Andrew Ross Sorkin (whose uncle was my favorite high school teacher: Hey Sork!) offers the most--and, actually, the only--skeptical assessment of Timothy Geithner that I've seen:

“We have only two things to say about Tim Geithner, who we do not know: A.I.G. and Lehman Brothers,” said Christopher Whalen of Institutional Risk Analytics. “Throw in the Bear Stearns/Maiden Lane fiasco for good measure,” he said.

“All of these ‘rescues’ are a disaster for the taxpayer, for the financial markets and also for the Federal Reserve System as an organization. Geithner, in our view, deserves retirement, not promotion.”

Ouch.

“He was in the room at every turn of the crisis,” said another executive who participated in several such confidential meetings with Mr. Geithner. “You can look at that both ways.”

Most interesting is Sorkin's take on Geithner's role in the decision to let Lehman go bankrupt:

Perhaps what has most people on Wall Street stirring is Mr. Geithner’s role in the fall of Lehman. At the time of its bankruptcy, he, along with Mr. Paulson, appeared to be the most vocal in supporting the government’s refusal to bail out the firm, according to people involved in various meetings. With hindsight, many in the financial industry blame a deepening of the global financial crisis on the government’s decision to let Lehman crumble.

Perhaps not surprisingly, there have been moves afoot in recent weeks by some in the New York Fed and Obama team to put distance between Mr. Paulson and Mr. Geithner, whose salary was $398,200 last year and who will take a pay cut to $191,300 in his new role.

These include the suggestion that Mr. Geithner was not in league with Mr. Paulson over Lehman; that Mr. Geithner pressed to save the firm from bankruptcy; that he was a lone voice on the subject and was overruled by Mr. Paulson and Ben S. Bernanke, the Fed chairman, on this issue.

The validity of this new claim is hard to verify. The New York Fed declined to comment.

Many executives suggest it may be a bit of revisionist history. “If that’s true, he did a good job of hiding it,” said one executive who spent the weekend at the New York Federal Reserve the weekend of Lehman’s fall.

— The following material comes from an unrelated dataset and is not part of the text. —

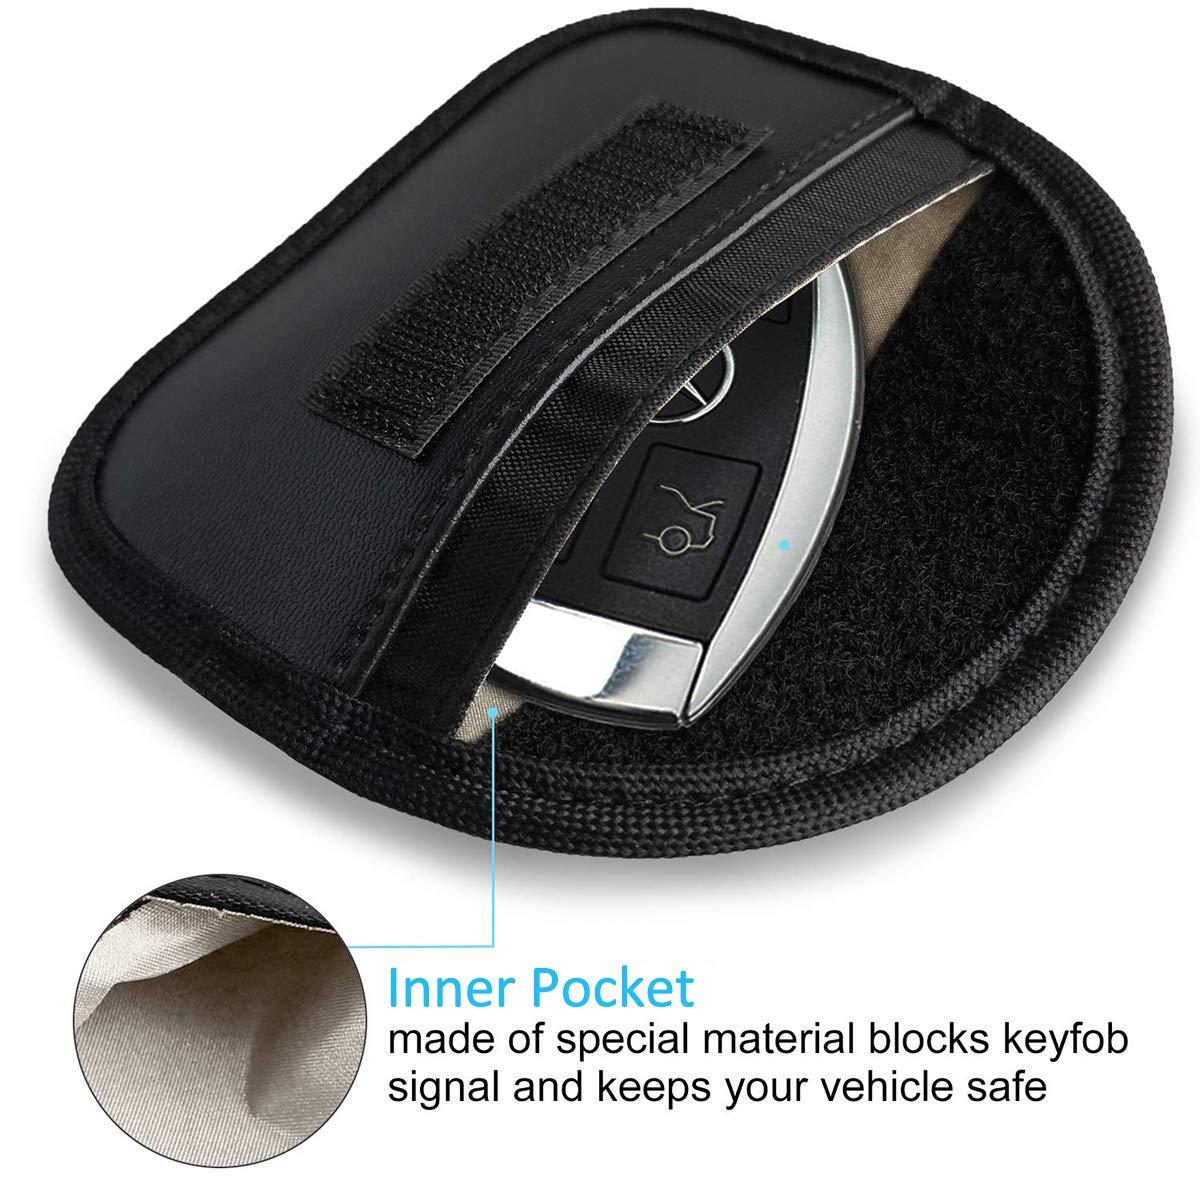 Anti-Theft Pouch Black Premium Faraday Cage Car Key Protector Mini Faraday Bag for Key Fob RFID Signal Blocking Anti-Hacking Case Blocker 2 Pack

It's hard to know what's true here. I have a lot of faith in and respect for the judgment of those (like Noam) who are hailing the Geithner selection. It's also possible that the Wall Street people talking smack about Geithner to Sorkin are only doing so because Geithner isn't a Wall Street guy. At the same time, I'm racking my brain to recall the choice of any recent Treasury Secretary that has elicited anything but praise. After all, it was only two years ago that Henry Paulson's decision to leave Goldman to come to Washington was being celebrated as a coup for the Bush administration.

Maybe it's a sort of Master of the Universe syndrome: to even be considered for the top job at Treasury, a person has to have had outsized success in the realm of economics or finance, so we all just sort of assume that success will carry over to government. Sometimes it doesn't. I really hope that, in Geithner's case, it does.